RYUKYU note #14前編

コンビニシェアNo. 1を実現し続ける沖縄ファミリーマート、徹底した「地域ド密着」のマーケティング

 

沖縄県民に愛される独自の人気商品


――具体的に、沖縄独自の商品やサービスには、どのようなものがありますか?

 現在、全国のファミリーマートで販売している「スパムおむすび」は沖縄の定番である「ポーク玉子おむすび」がベンチマークになった商品です。ほかには、味にもこだわっており、見た目が同じでも味を変えている商品があり、ざるそばや冷やし中華のつゆは沖縄県民に好まれる独自の味にしています。嗜好的にも地域密着を意識して商品開発を行っています。

 実は、215人いる社員の93%が沖縄出身者なんです。それにより加盟店や沖縄のマスコミ、お取引先への接し方も含めて、かなり近い距離でコミュニケーションできているのでビジネスが円滑に進められています。それが経営的にはプラスに働いていると思います。
  
引用:沖縄ファミリーマート「ポーク玉子おむすび」

――逆に、このプロモーションや取り組みは、沖縄県民には響かないということはありましたか?

 沖縄では唐辛子系の辛い食べ物があまり売れないので、激辛フェアーはあまり響かないですね(笑)。そもそも沖縄は、季節感が本土とはまったく異なります。桜は1月に咲くので、東京などと同じように3月や4月に花見はしません。そうすると全国的な花見フェアと季節感がマッチしない場合があるんです。

――沖縄ファミリーマート独自の商品やサービスが人気を博している理由として、消費者のどのようなニーズや背景があると考えていますか?

 先ほども説明した「ポーク玉子シリーズ」は常時4~5類販売しています。また、沖縄県民は「油味噌」をよく食べるので、それをご飯に挟んだ商品を展開し、非常に人気があります。あとは、「ゴーヤーチャンプルー弁当」ですね。これは他のエリアにはないと思いますが、売上ランキング上位の商品です。

 それから骨付きフライドチキンの「フラチキ」を販売しています。実は、全国で販売されている「ファミチキ」は、沖縄ファミリーマートで20年ぐらい前に販売を開始した「骨付きフライドチキン」から発展した商品です。それが売れたことがきっかけで全国展開し、今では骨なしの「ファミチキ」がメジャーになりました。現在、沖縄以外では骨付きフライドチキンは販売していないのですが、沖縄では骨付きの「フラチキ」と骨なしの「ファミチキ」の両方を販売しています。

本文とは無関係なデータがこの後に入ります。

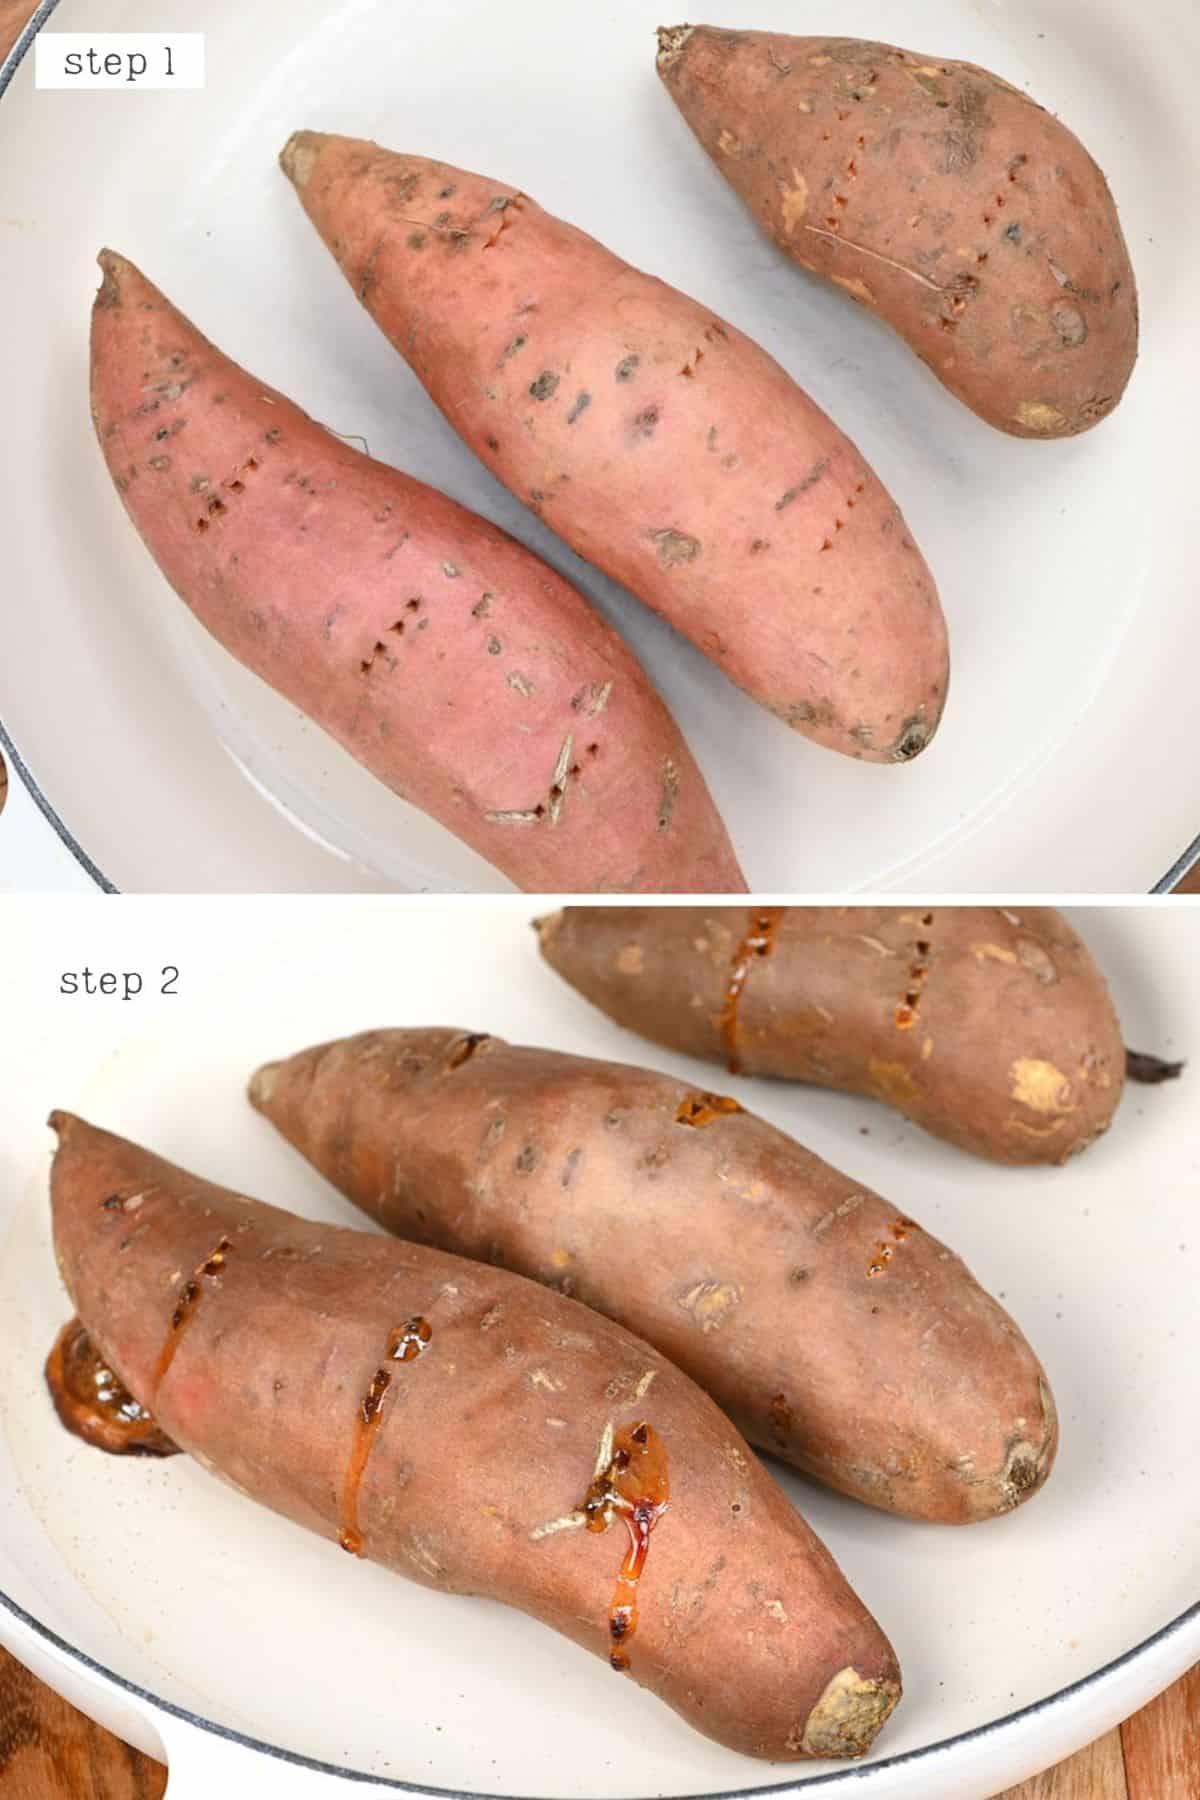 Steps for baking sweet potatoes

 あとは、沖縄で知らない人はいない「上間の天ぷら」も人気です。沖縄県民は、おやつ感覚で天ぷらを頻繁に食べており、人気商品のひとつです。上間の天ぷらは、商品開発が非常に難しかったのですが、なんとか実現でき、現在では天ぷらを4~5種類、サーターアンダギーも含めて豊富にホットスナックを置いています。

 沖縄県民の好みや特性に合わせて、商品開発を行ってきた結果だと思います。我々は、このような商品で「地域ド密着」を実現しています。
  
沖縄ファミリーマートで発売されている沖縄独自のさまざまな商品

――進出当初、「コンビニは値段が高い」との印象などがあり、苦戦したという話がありました。それが、どのように支持へと変化したと思いますか?

 価格や商品がポイントだったと思います。東京の商品をそのまま販売すると、一部商品では高いと感じてしまう事があります。沖縄県民でも手頃に買える価格帯は、どこなのかを常に探ってきたことが支持の背景にあります。

 ファミリーマートとして、全国展開の商品は基本的に同価格にしていますが、沖縄独自で開発した商品は、消費者である沖縄県民が手に取りやすい価格になるよう努力しています。これを実現できているのは、社員の93%が沖縄県人だからだと思います。

 それ以外、商品では地域の人に好まれる味やボリュームが非常に重要だということです。それらを日々研究し、チャレンジして、トライアンドエラーを繰り返したことで、少しずつ沖縄県民にも受け入れられたのだと思います。